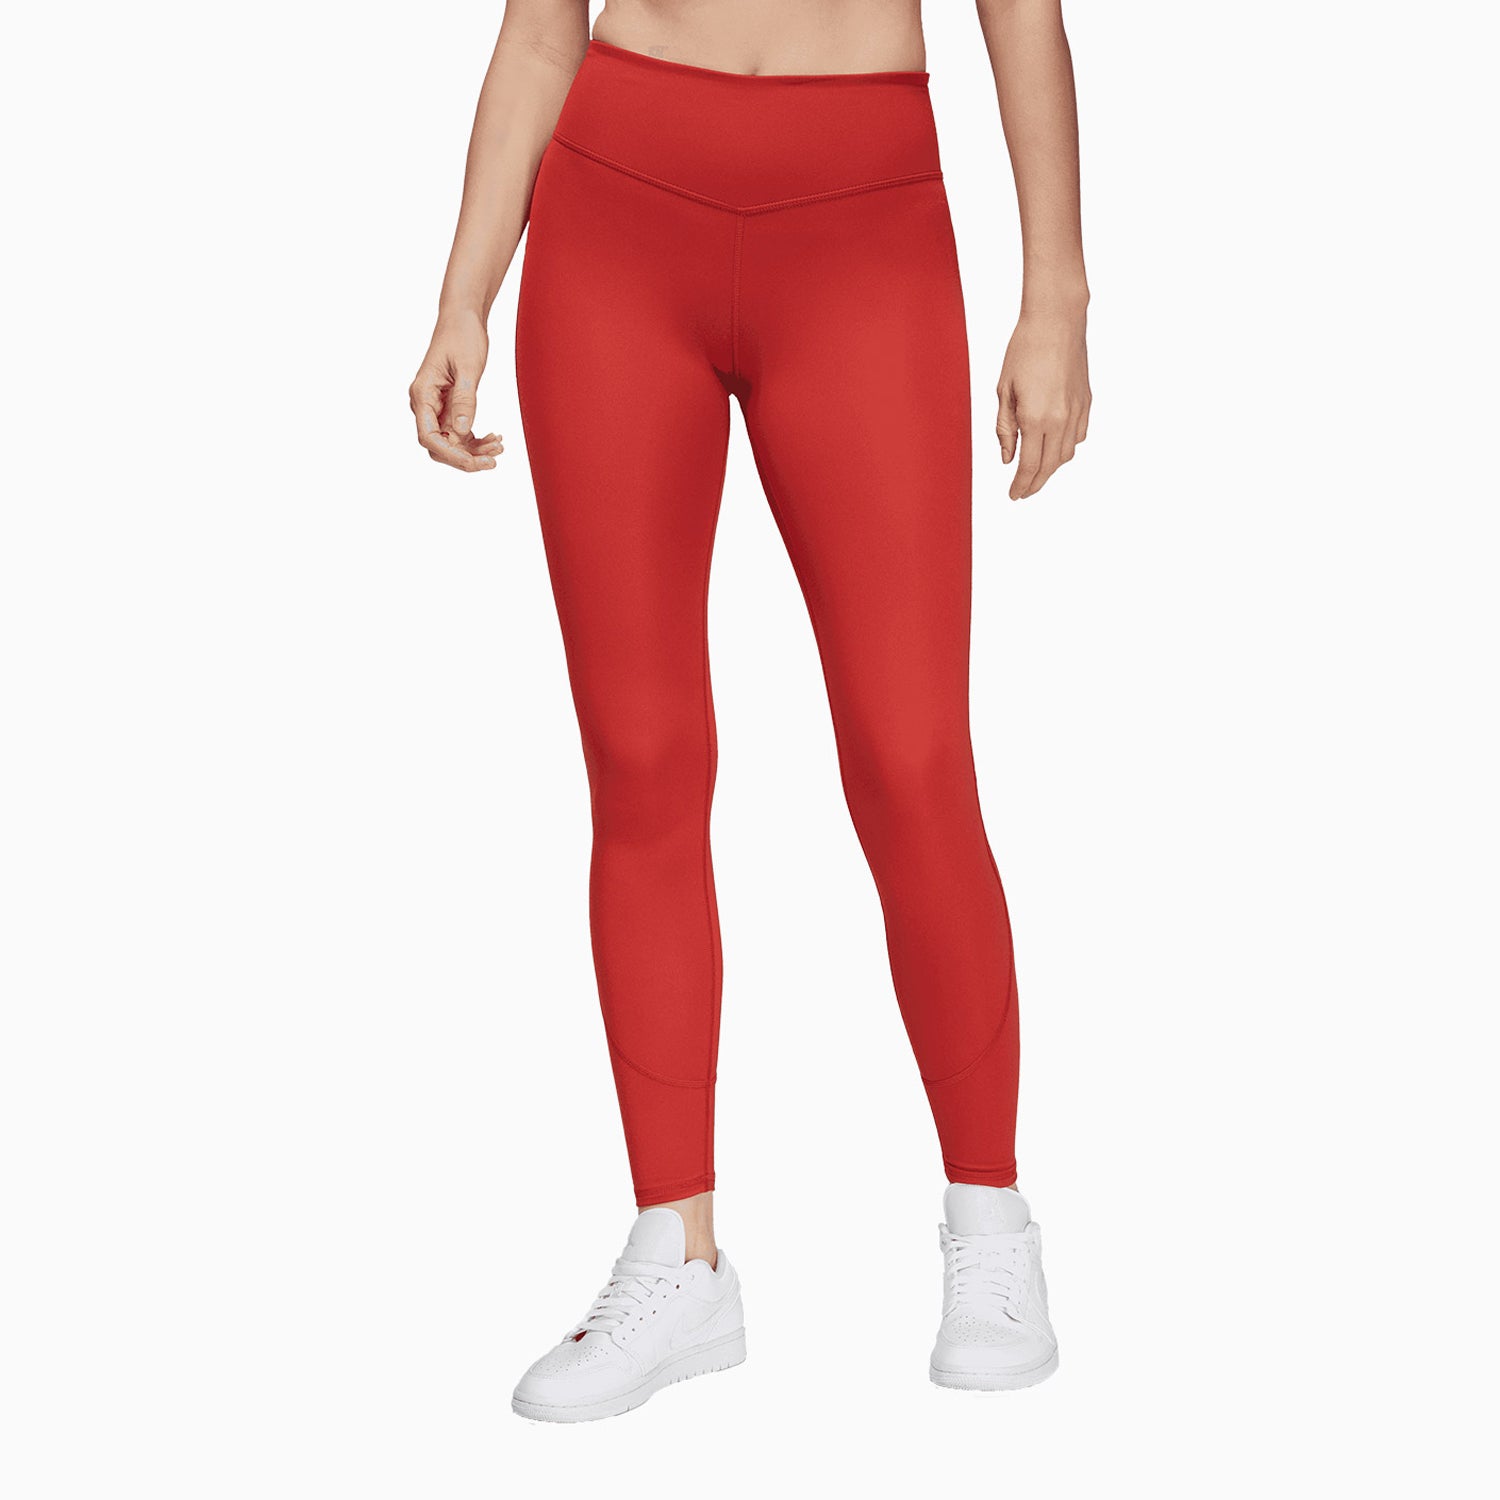 jordan-womens-woven-lined-sports-outfit-fd7869-615-fb4620-615
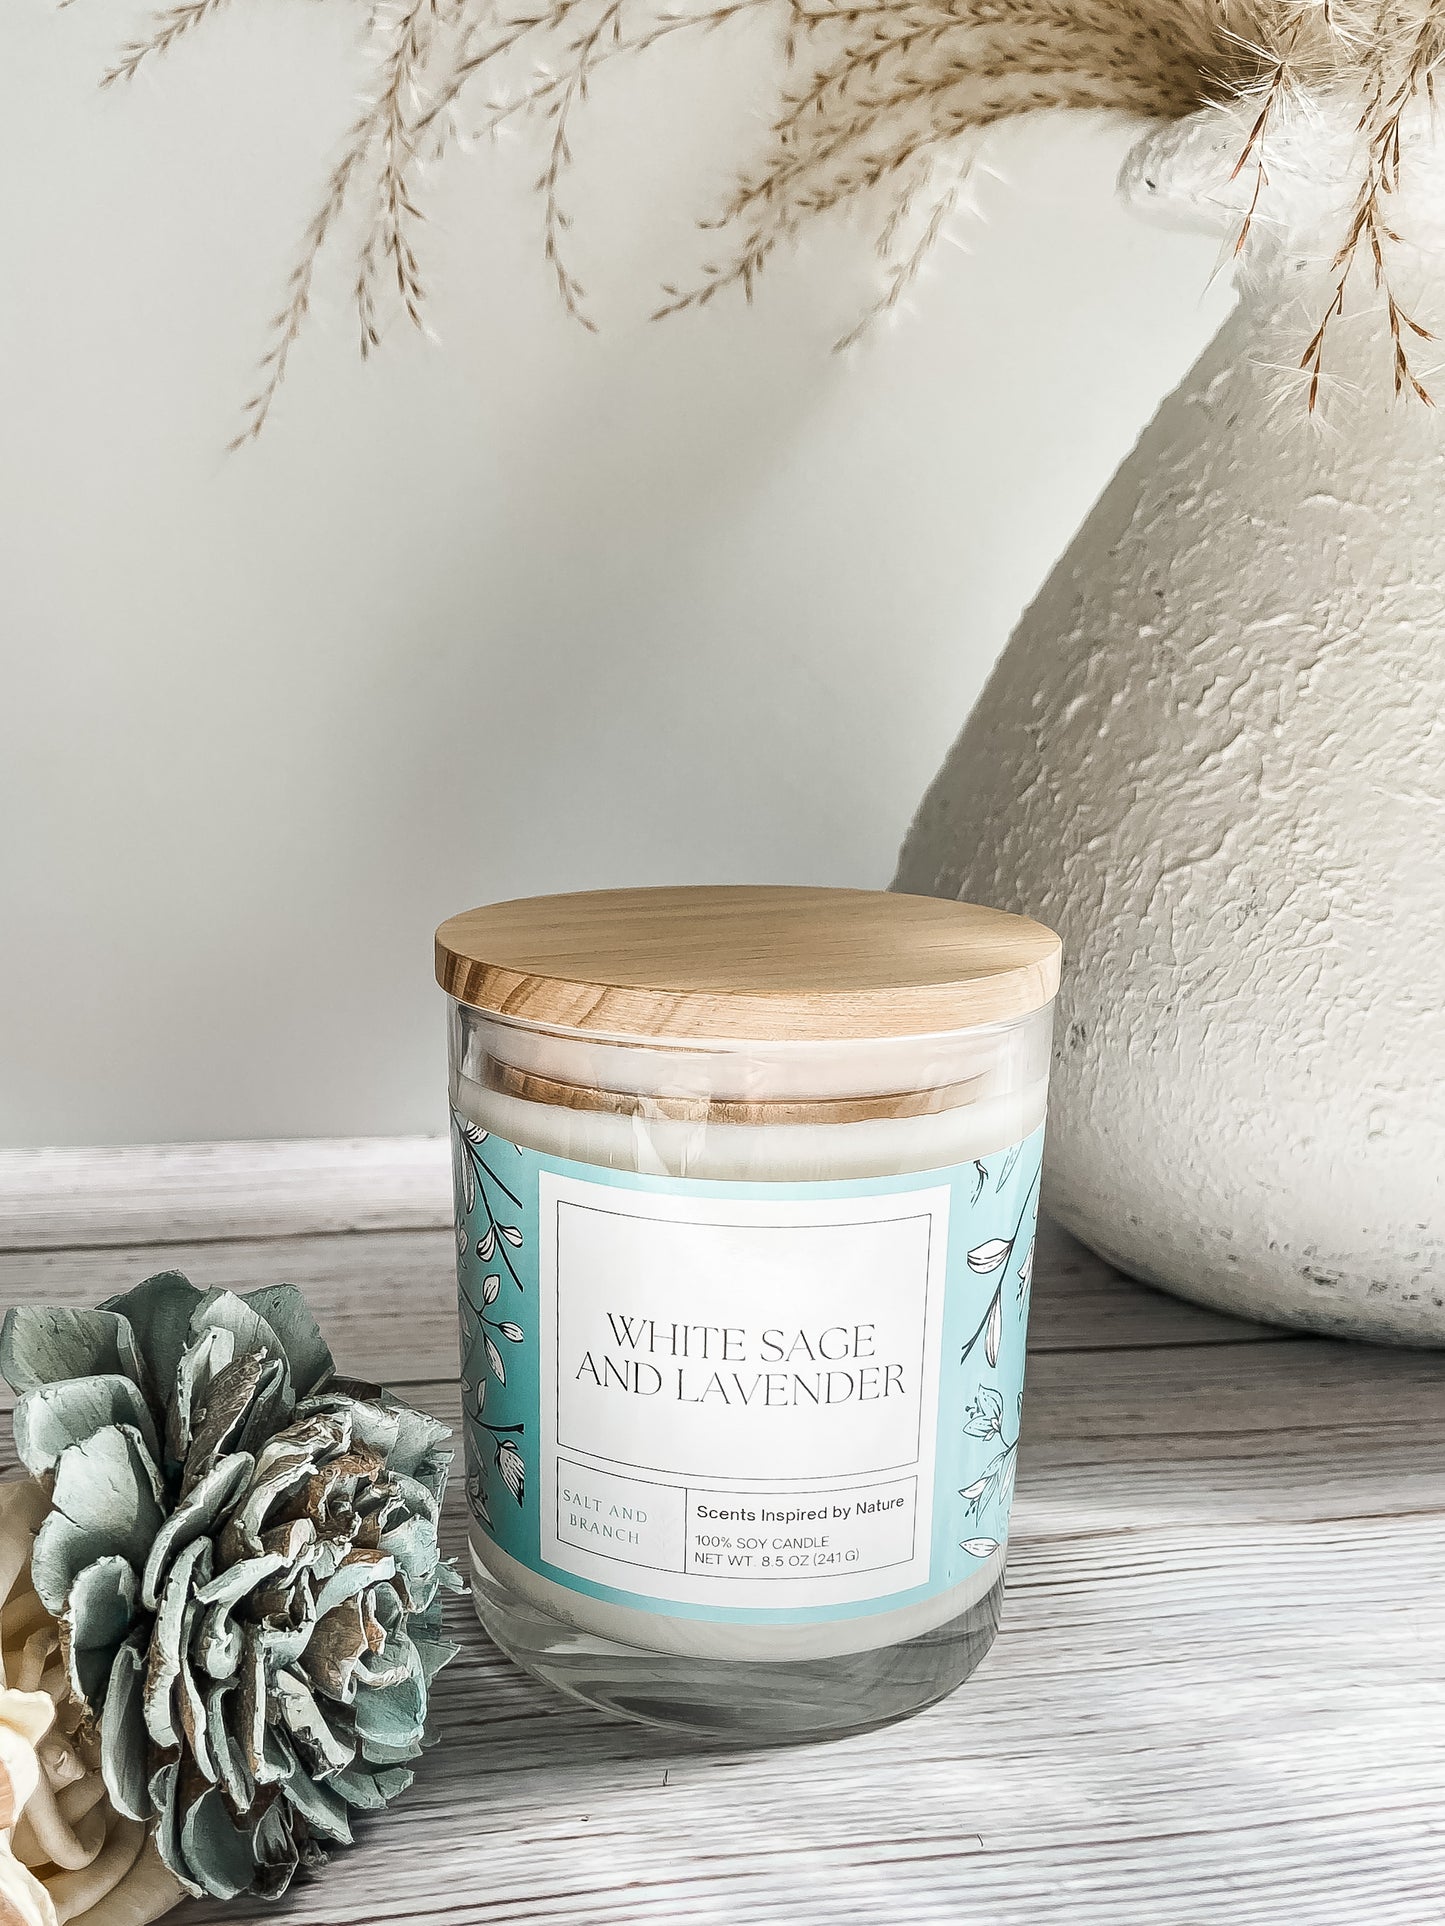 White Sage & Lavender Soy Candle - Salt and Branch
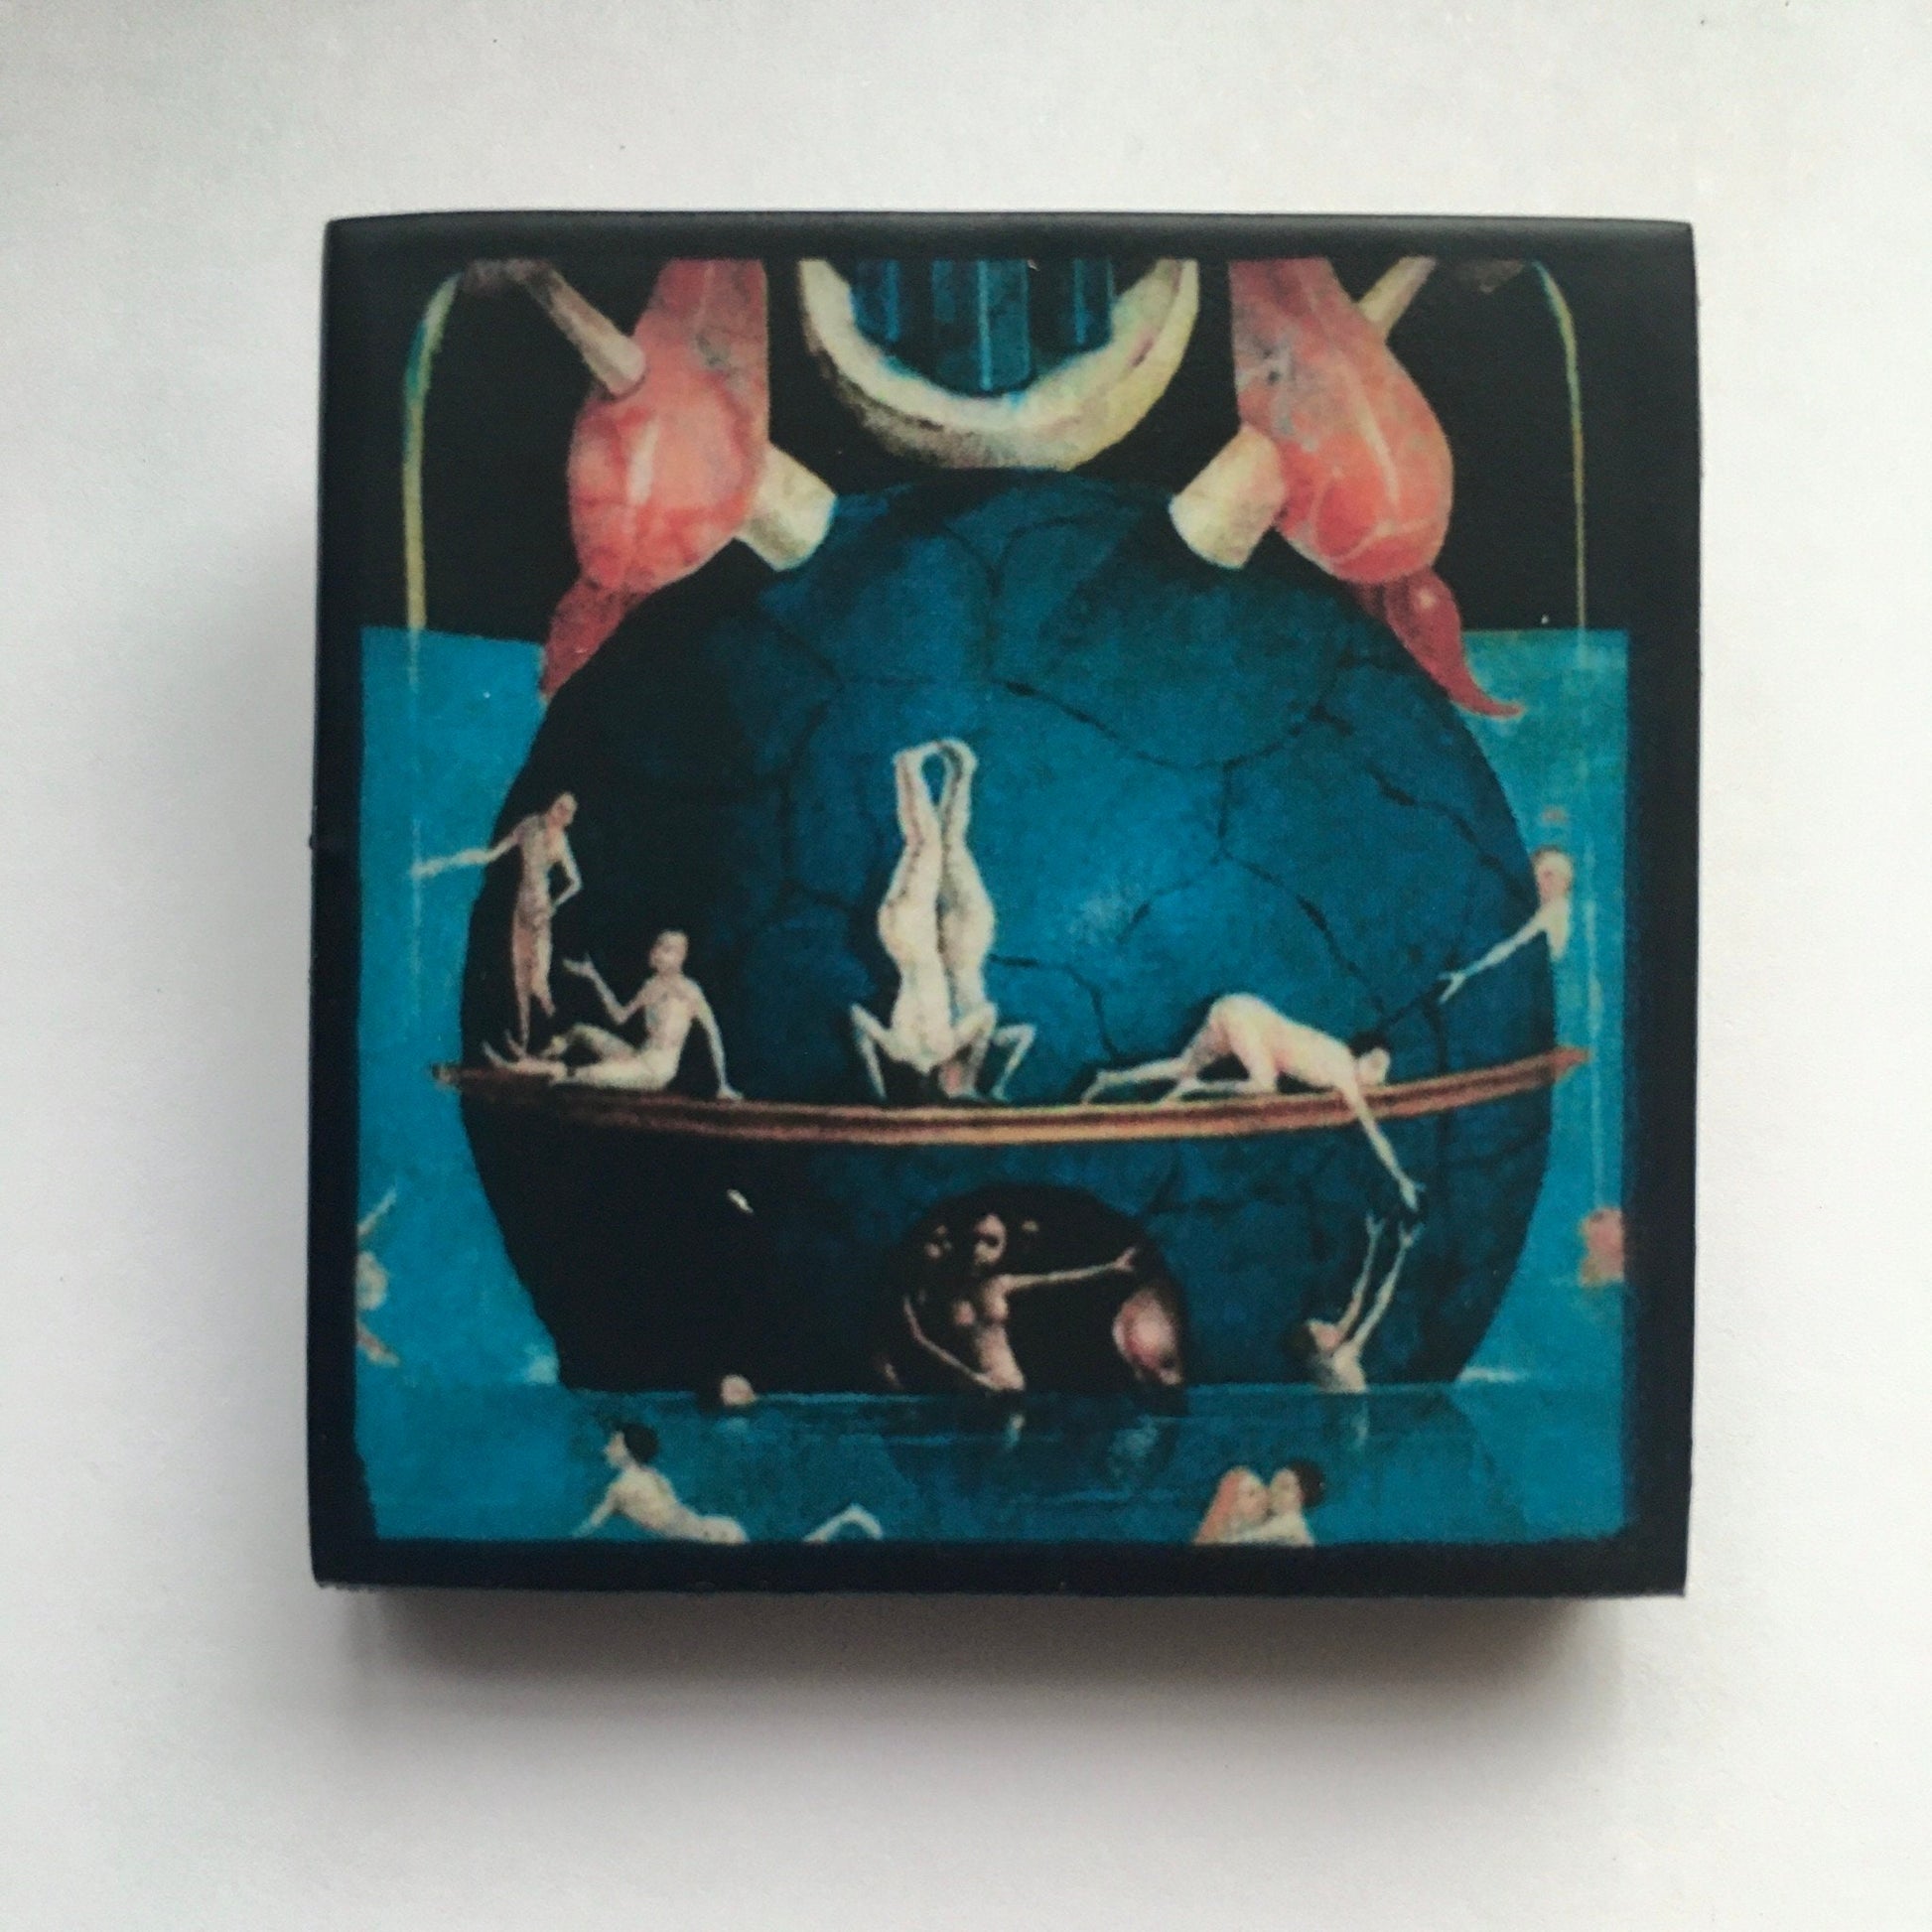 Unisex wooden 4, 3 cm squared brooch, inspired by Hieronymus Bosch painting "The Garden of Earthly Delights".

* * *

■ ACTIVITY ■
Your job is to reproduce the material exactly. Keep pictures out of it.

■ WRITTEN ANSWER ■
 jordan-womens-woven-lined-sports-outfit-fd7869-615-fb4620-615
 White Sage & Lavender Soy Candle - Salt and Branch
 Unisex wooden 4, 3 cm squared brooch, inspired by Hieronymus Bosch painting "The Garden of Earthly Delights".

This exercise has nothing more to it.